I have this problem here:

Given the series

$$\sum_{n=1} ^{\infty} \frac{x^{n+1}}{n(n+1)}$$

show that this converges for every $$x \in \{ w \in \mathbb{C} \| \|w \| \leq 1 \}$$

Solution:

Since

$$\sum_{n=1} ^{\infty} \left| \frac{x^{n+1}}{n(n+1)} \right| = \sum_{n=1} ^{\infty} \frac{1}{n(n+1)} \right|$$

Since $$\sum_{n=1} ^{\infty} \frac{1}{n(n+1)} \right|$$ convergence then according the definition then

$$\sum_{n=1} ^{\infty} \frac{x^{n+1}}{n(n+1)}$$ is absolute convergent.

Thus

$$x \in \{ w \in \mathbb{C} \| \|w \| \leq 1 \}$$. Right?

Best Regards
Fred

Last edited: May 28, 2006
2. May 28, 2006

### shmoe

This:

$$\sum_{n=1} ^{\infty} \left| \frac{x^{n+1}}{n(n+1)} \right| = \sum_{n=1} ^{\infty} \frac{1}{n(n+1)} \right|$$

shouldn't be an equality.
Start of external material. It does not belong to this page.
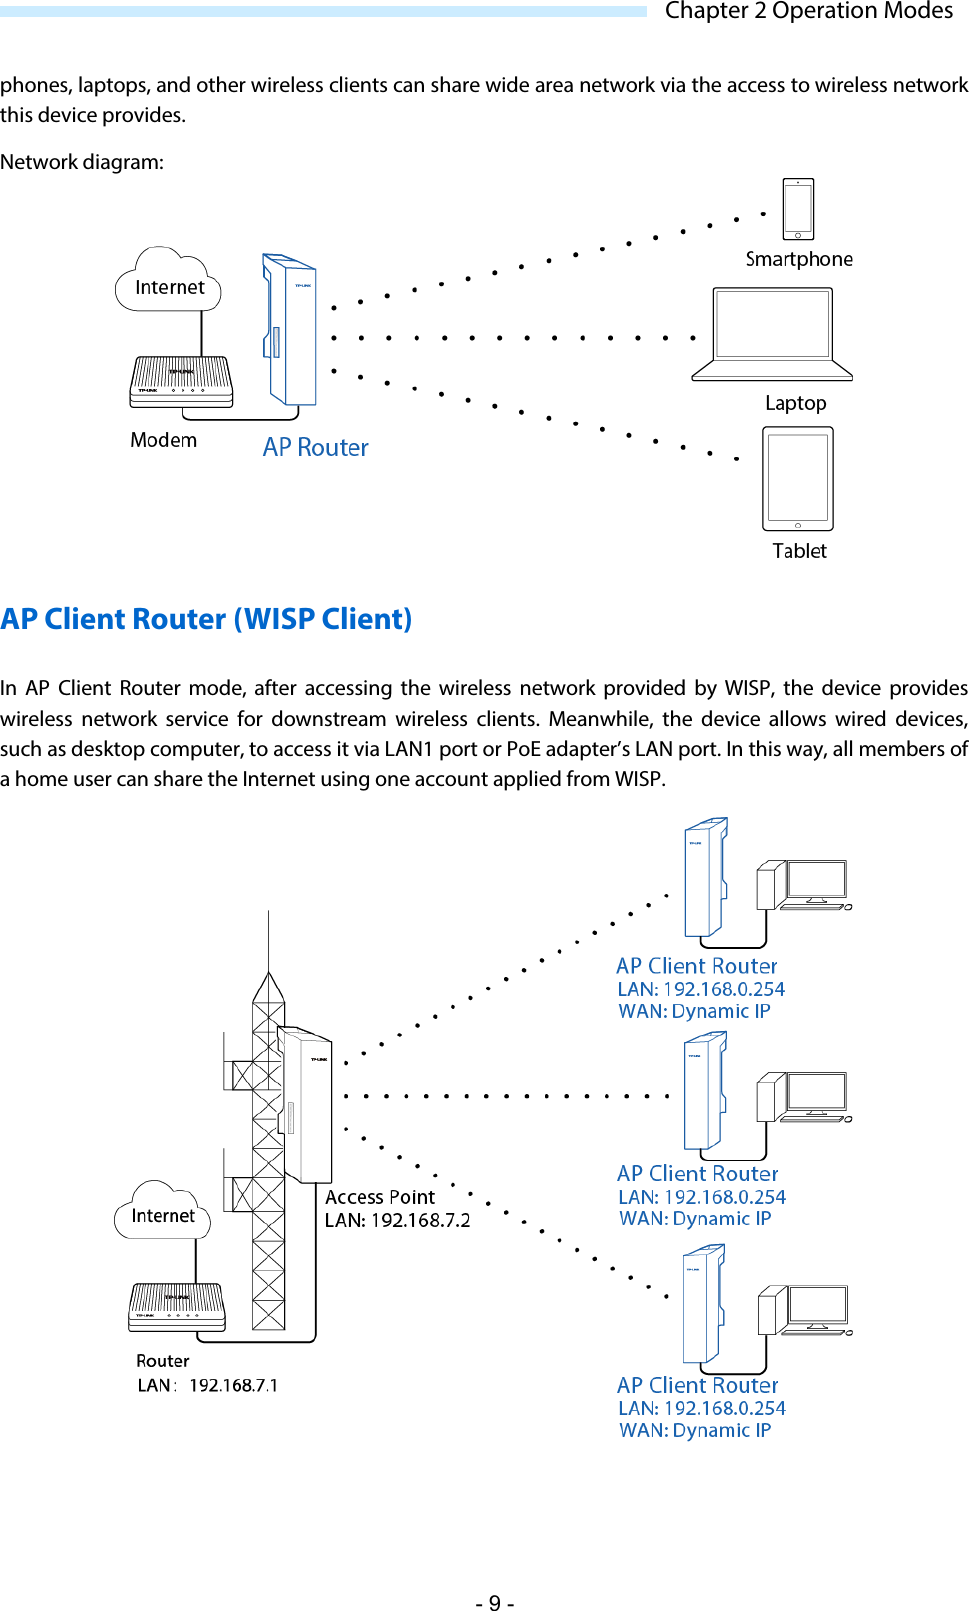  Chapter 2 Operation Modes phones, laptops, and other wireless clients can share wide area network via the access to wireless network this device provides. Network diagram:  AP Client Router (WISP Client) In  AP Client Router mode,  after accessing the wireless network provided by WISP, the device provides wireless network service for downstream wireless clients. Meanwhile, the device allows wired devices, such as desktop computer, to access it via LAN1 port or PoE adapter’s LAN port. In this way, all members of a home user can share the Internet using one account applied from WISP.   - 9 -

You hopefully meant an inequality here which is valid for x on the unit disc. Otherwise it looks good.

3. May 28, 2006

### Hummingbird25

Then it should have say ?

$$\sum_{n=1} ^{\infty} \left| \frac{x^{n+1}}{n(n+1)} \right| \leq \sum_{n=1} ^{\infty} \frac{1}{n(n+1)} \right|$$

Regards Humminbird

p.s. Do I use uniform continuety to show that

$$g(x) = \sum_{n=1} ^{\infty} \frac{x^{n+1}}{n(n+1)}$$

is continious on $$x \in \{ w \in \mathbb{C} \| \|w \| \leq 1\}$$ ??

Last edited: May 28, 2006
4. May 28, 2006

### HallsofIvy

No, if
$$\sum_{n=1} ^{\infty} \frac{x^{n+1}}{n(n+1)}$$
then all you can say is "if x= 1 this is
$$\sum_{n=1} ^{\infty} \frac{1}{n(n+1)}$$
which converges absolutely" (since all terms are positive anyway).

Of course, I'm not sure why you chose to make x= 1. Have you determined what the radius of convergence is? And if the radius of convergence is 1, what happens when x= -1?